PROVIDED DATA -
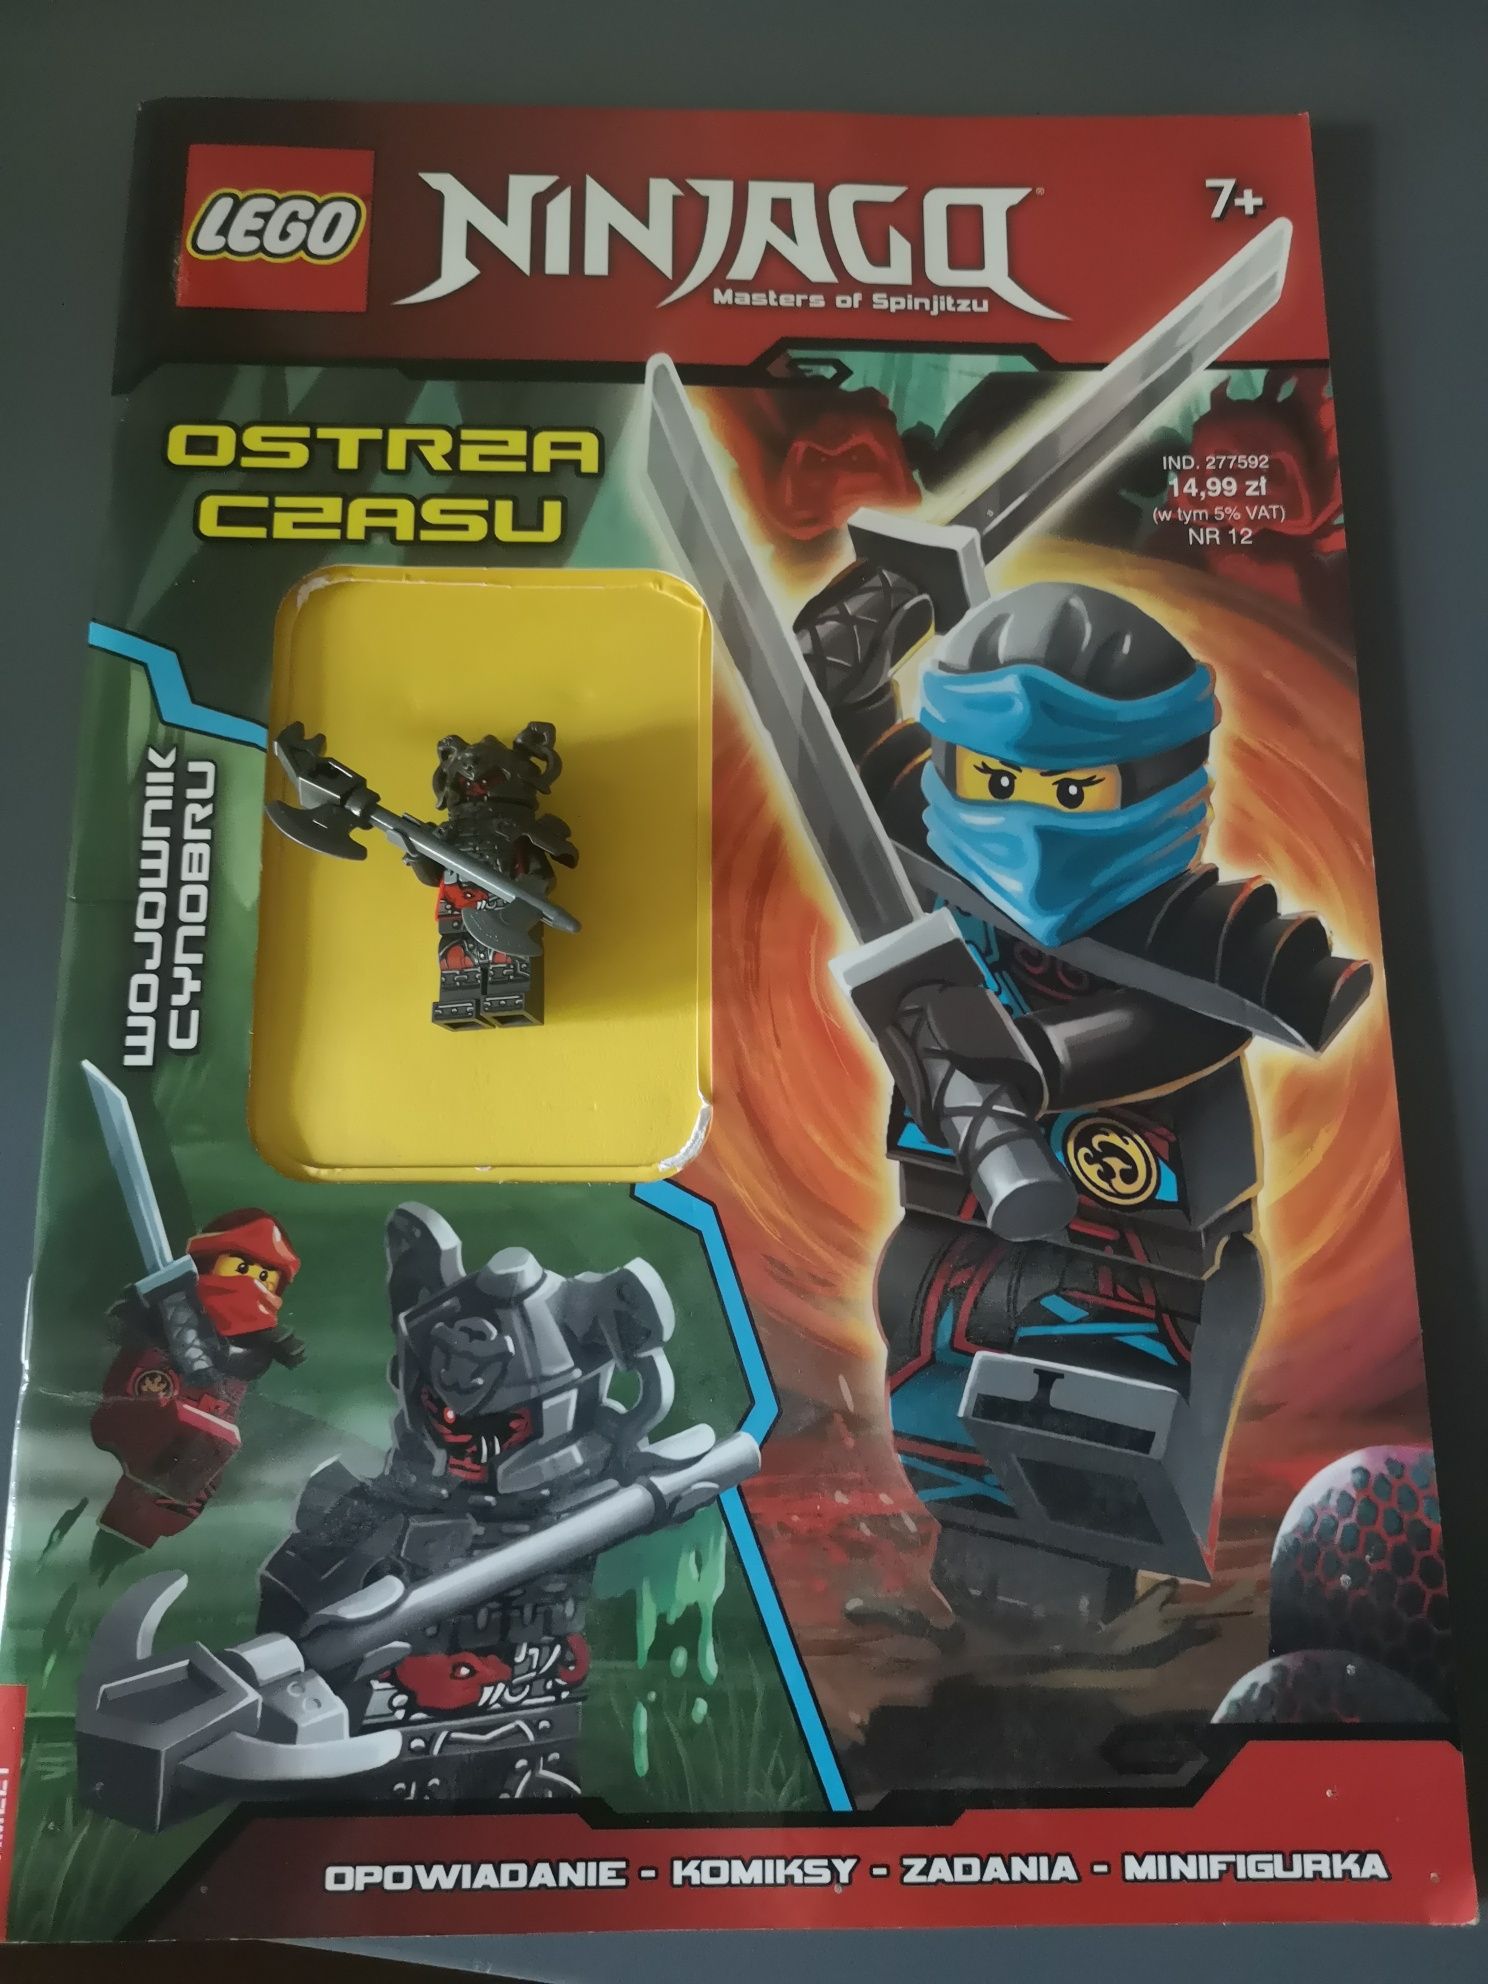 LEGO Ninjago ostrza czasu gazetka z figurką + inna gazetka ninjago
--
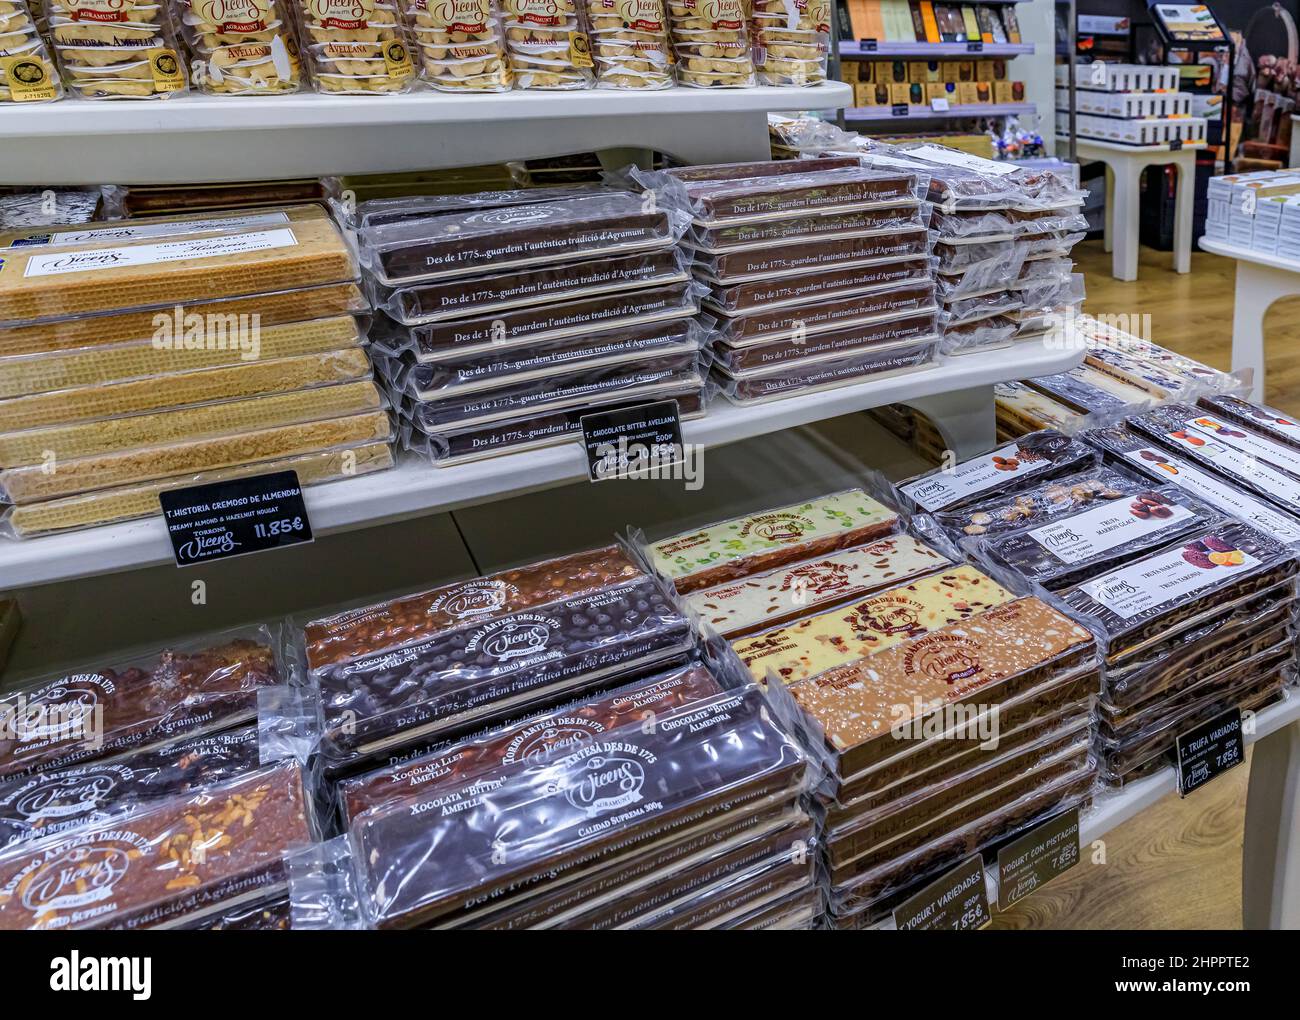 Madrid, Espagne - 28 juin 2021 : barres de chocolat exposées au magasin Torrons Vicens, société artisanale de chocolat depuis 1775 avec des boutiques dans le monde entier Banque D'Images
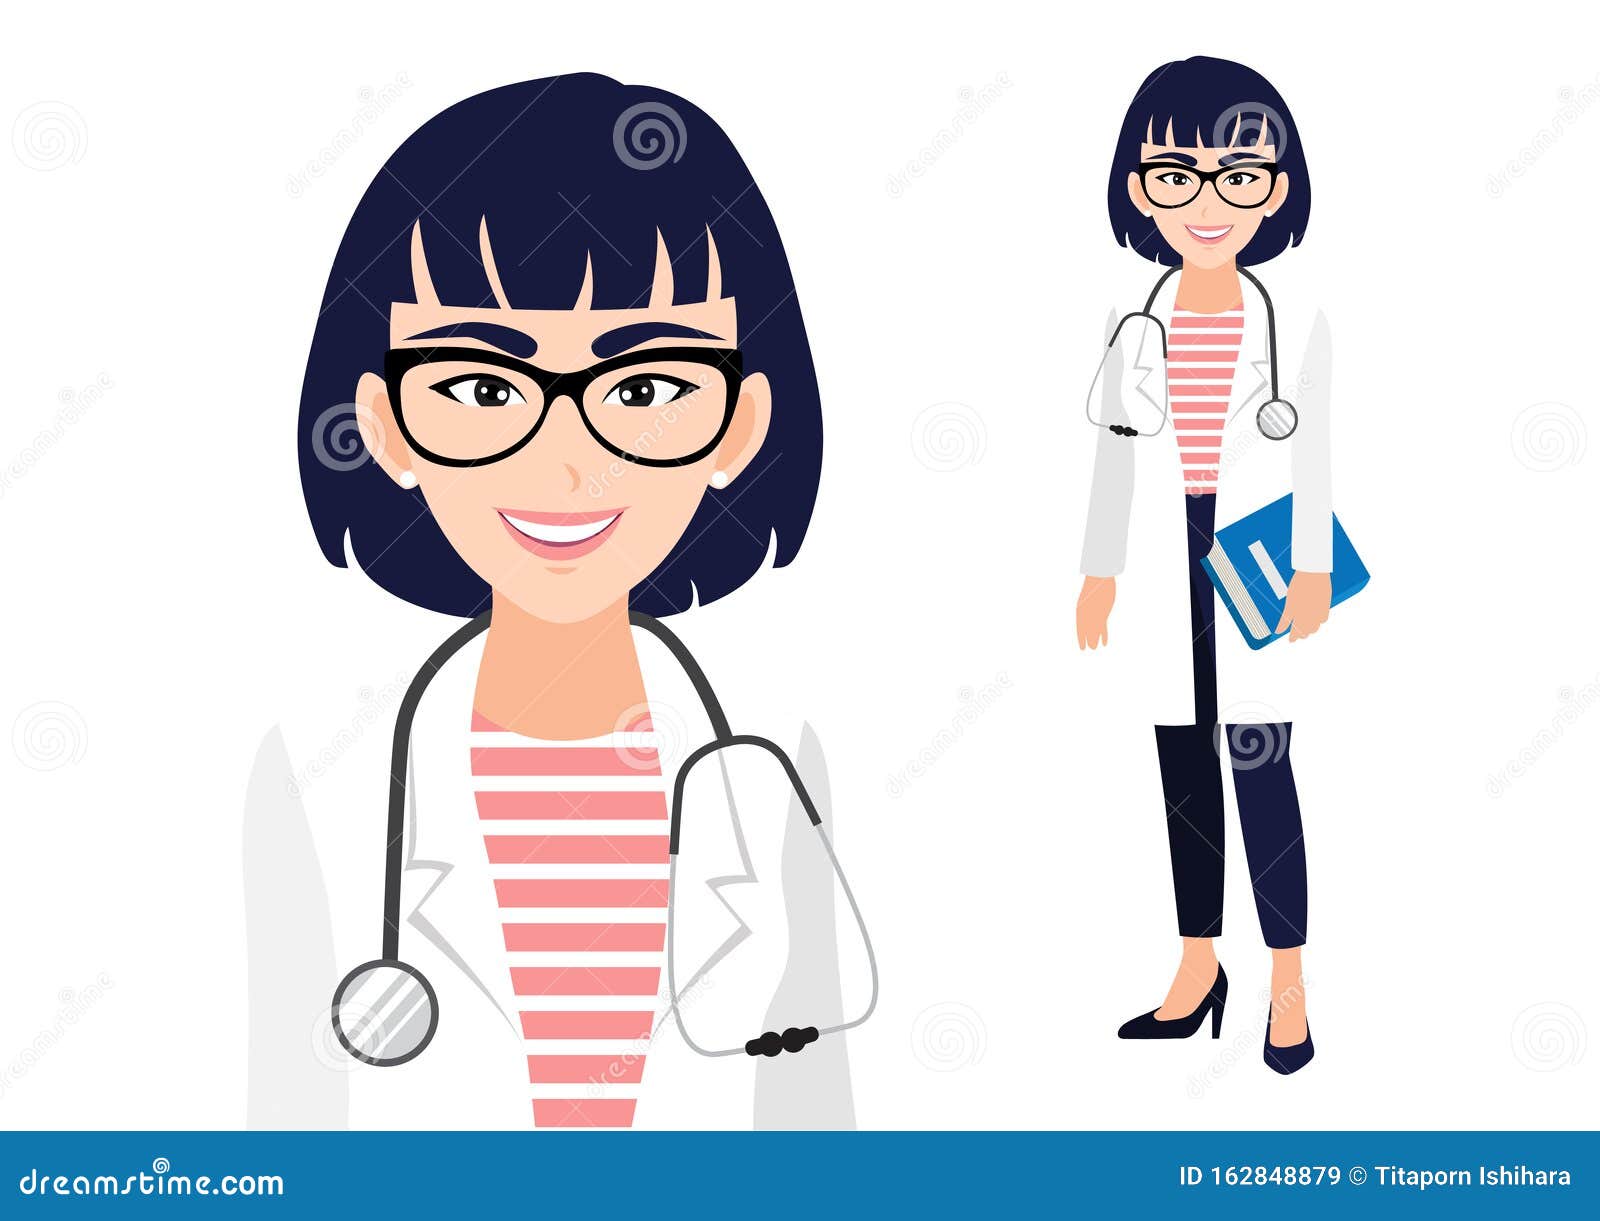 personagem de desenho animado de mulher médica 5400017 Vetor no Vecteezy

AIM OF THE TASK -
Take the material above and output only the lines from the one that contains "Madrid, Espagne - 28" through the one that contains "personagem de desenho", ends included and images left out.

YOUR RESPONSE -
 Madrid, Espagne - 28 juin 2021 : barres de chocolat exposées au magasin Torrons Vicens, société artisanale de chocolat depuis 1775 avec des boutiques dans le monde entier Banque D'Images
 personagem de desenho animado de mulher médica 5400017 Vetor no Vecteezy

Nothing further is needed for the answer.